Size(bytes):  524288 Stride(bytes):    4 read+write:    0 ns
Size(bytes):  524288 Stride(bytes):    8 read+write:    0 ns
Size(bytes):  524288 Stride(bytes):   16 read+write:    1 ns
Size(bytes):  524288 Stride(bytes):   32 read+write:    1 ns
Size(bytes):  524288 Stride(bytes):   64 read+write:    3 ns
Size(bytes):  524288 Stride(bytes):  128 read+write:    3 ns
Size(bytes):  524288 Stride(bytes):  256 read+write:    3 ns
Size(bytes):  524288 Stride(bytes):  512 read+write:    3 ns

Size(bytes): 1048576 Stride(bytes):    4 read+write:    1 ns
Size(bytes): 1048576 Stride(bytes):    8 read+write:    1 ns
Size(bytes): 1048576 Stride(bytes):   16 read+write:    1 ns
Size(bytes): 1048576 Stride(bytes):   32 read+write:    1 ns
Size(bytes): 1048576 Stride(bytes):   64 read+write:    3 ns
Size(bytes): 1048576 Stride(bytes):  128 read+write:    3 ns
Size(bytes): 1048576 Stride(bytes):  256 read+write:    3 ns
Size(bytes): 1048576 Stride(bytes):  512 read+write:    3 ns

Size(bytes): 2097152 Stride(bytes):    4 read+write:    1 ns
Size(bytes): 2097152 Stride(bytes):    8 read+write:    1 ns
Size(bytes): 2097152 Stride(bytes):   16 read+write:    1 ns
Size(bytes): 2097152 Stride(bytes):   32 read+write:    1 ns
Size(bytes): 2097152 Stride(bytes):   64 read+write:    3 ns
Size(bytes): 2097152 Stride(bytes):  128 read+write:    3 ns
Size(bytes): 2097152 Stride(bytes):  256 read+write:    3 ns
Size(bytes): 2097152 Stride(bytes):  512 read+write:    3 ns

Size(bytes): 4194304 Stride(bytes):    4 read+write:    1 ns
Size(bytes): 4194304 Stride(bytes):    8 read+write:    1 ns
Size(bytes): 4194304 Stride(bytes):   16 read+write:    1 ns
Size(bytes): 4194304 Stride(bytes):   32 read+write:    2 ns
Size(bytes): 4194304 Stride(bytes):   64 read+write:    3 ns
Size(bytes): 4194304 Stride(bytes):  128 read+write:    3 ns
Size(bytes): 4194304 Stride(bytes):  256 read+write:    3 ns
Size(bytes): 4194304 Stride(bytes):  512 read+write:    3 ns

Now I'm trying to find how fast a cache hit and miss are, and what the size of the first-level cache is along with the block size of the first-level cache.

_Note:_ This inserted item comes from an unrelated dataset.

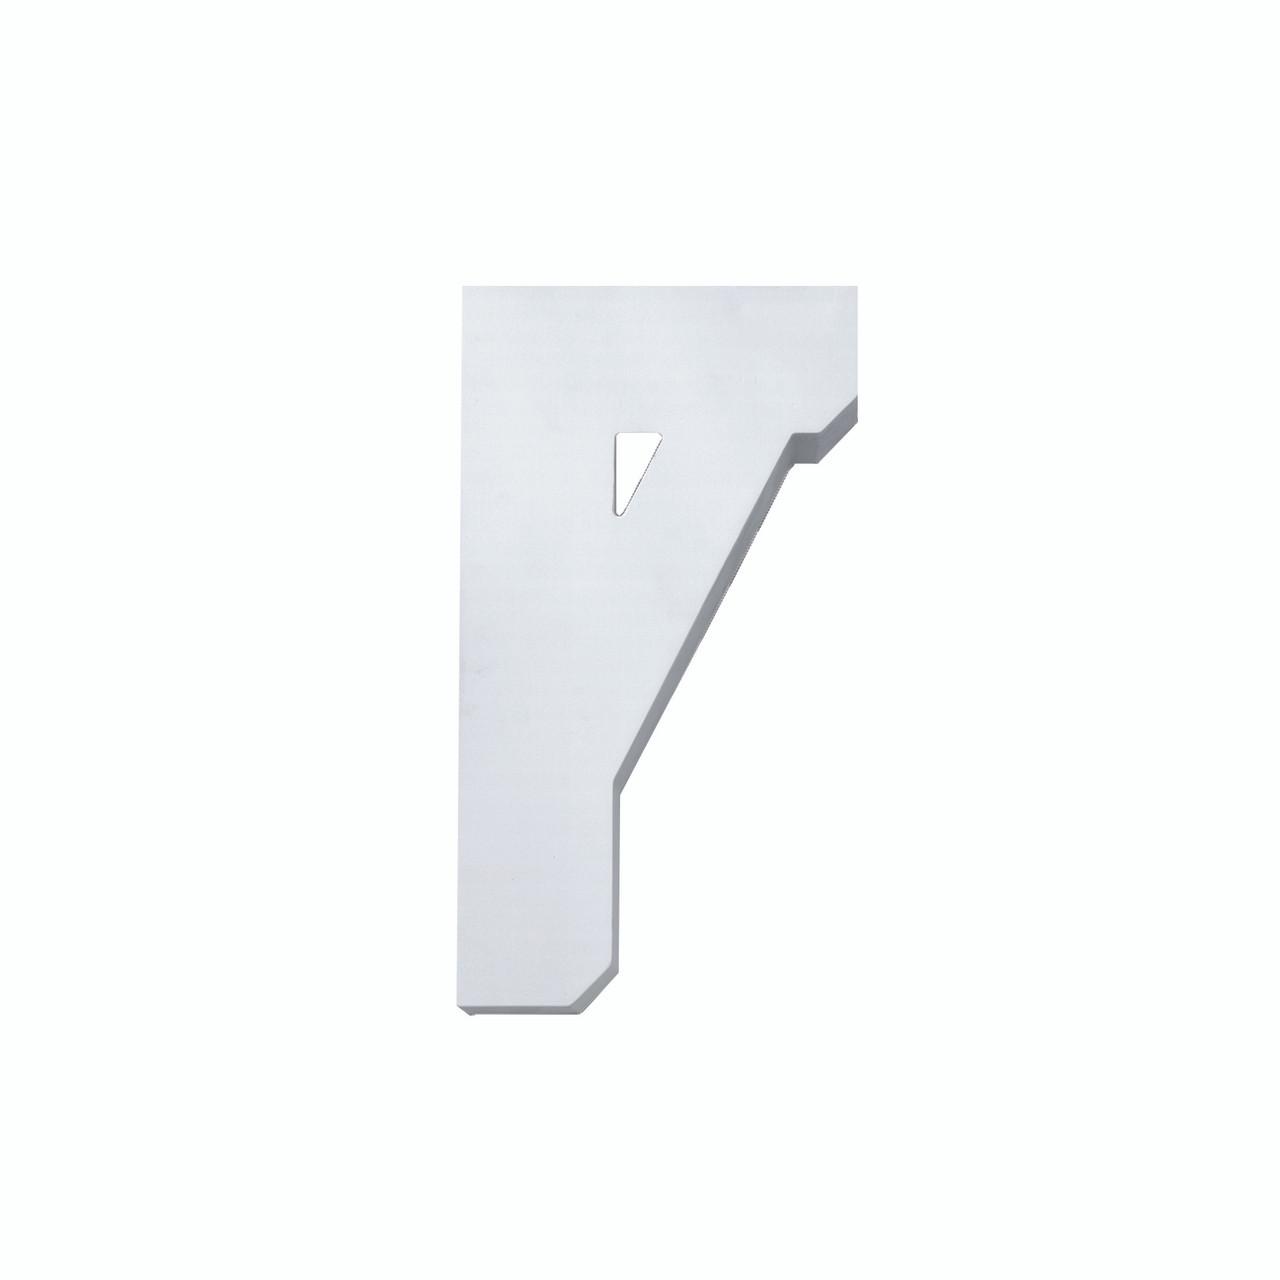 Bkt11x20 for Fypon quick rail

Isn't the first-level cache size and block size just 4kb? I'm not sure on how to find the speed though, any ideas?

Answer 1

1. Use thread affinity to wire your performance checking thread to the single particular core. This will allow you eliminate effect of thread migration between different processor cores, that leads to wrong results.
2. Use time stamp counter and measure overhead in CPU cycles. It is most fine grained time measurement timer available on x86 CPU.
3. Do not forget substract time of time measurement from measured results.
4. Control code generated by your compiler in disassembler to ensure, that no unwanted optimisation was introduced by compiler (for example placing variable into the CPU register instead of placing it into the memory).

Size of CPU caches and cache lines is highly dependent from the particular CPU model and can vary significantly. Check the documentation for CPU that you use.